If we view each domino as an edge in a graph with nodes defined by spot values, double dominoes are loops. Each valid layout is an Eulerian path in this graph. Considering each node on such a Eulerian path for the seven spot valued case, we see that the path must visit the starting node four times, and each other node three times. Therefore, there are $4 \cdot 3^{6}$ valid ways of inserting the double dominoes into a valid layout.

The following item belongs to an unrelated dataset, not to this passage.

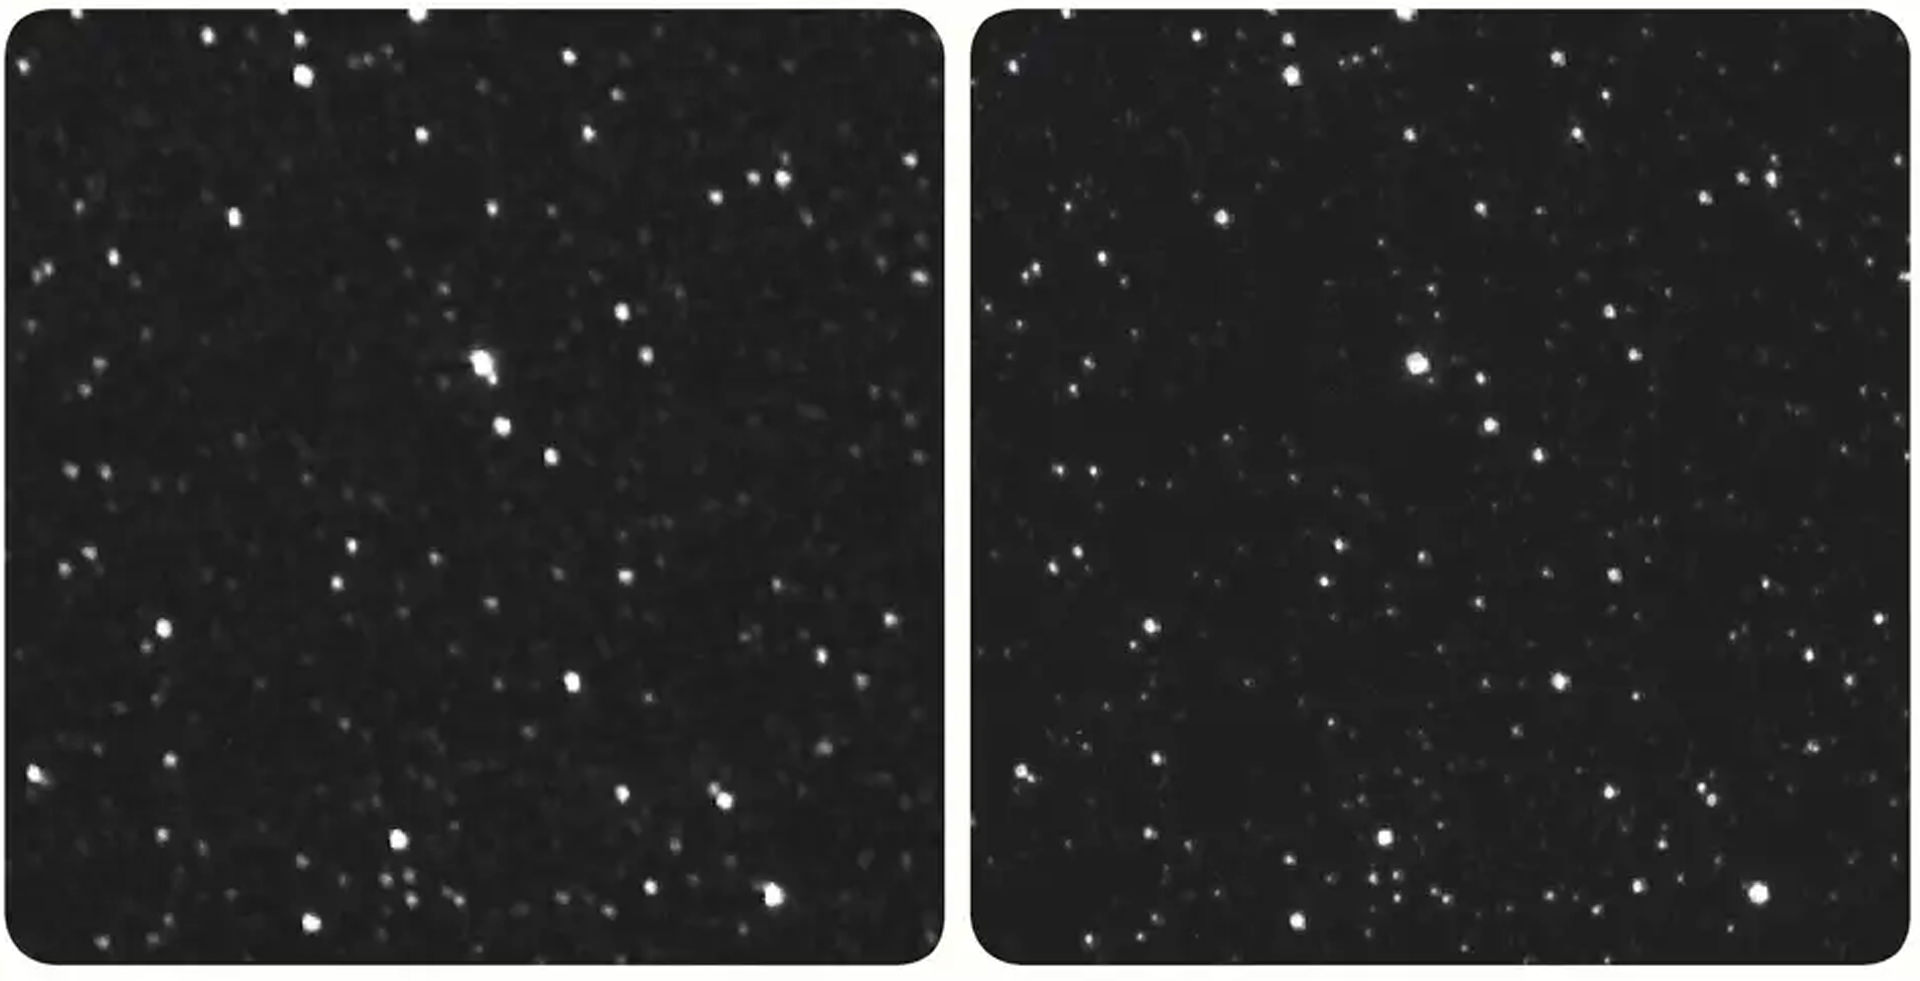 دو نمای متفاوت از پروکسیما قنطورس از زمین و فضایپیما نیو هورایزنز ناسا

We can ignore the double dominoes in the search and multiply our result by $4 \cdot 3^{6}$ to account for their exclusion. Applying this to our implementation greatly improves its performance, so that it now takes around 70ms to search the seven spot valued case. Sadly, any larger cases still seem beyond it, but we have the value we need: 1018781431234560 valid layouts. Our optimisations have meant that the search itself only explores 541568 layouts.

Probability of winning

Dividing the number of valid layouts by the total number of layouts gives us a probability of winning each game of approximately $1.24 \cdot 10^{- 23}$ . These don’t seem especially good odds. Framed another way, if you bet £1 that you’d win a game you would want the prize to be at least £80,334,053,316,768,194,550,319.07 to make money in the long run.

How long should we expect to play?

But Quiss and Ajayi don’t care about losing; they only need to win once. How many games does it take to have a 50% chance of having won at least once? To figure this out, we can let $p$ be the probability of winning a game as calculated above, then solve for the number of games $n$ :

\begin{matrix} 1 - {(1 - p)}^{n} & \geq & 0.5 \\ {(1 - p)}^{n} & \leq & 0.5 \\ n & = & ⌈ \log_{1 - p} 0.5 ⌉ \\ n & = & 55683322559470195244459 \end{matrix}

Assuming Quiss and Ajayi can play one round a minute for twelve hours a day (a brutal pace), it would take over 211 quadrillion years to play this many games. The upper bound established in the novel seems incredibly optimistic. Perhaps the flow of time is distorted, whether objectively or subjectively.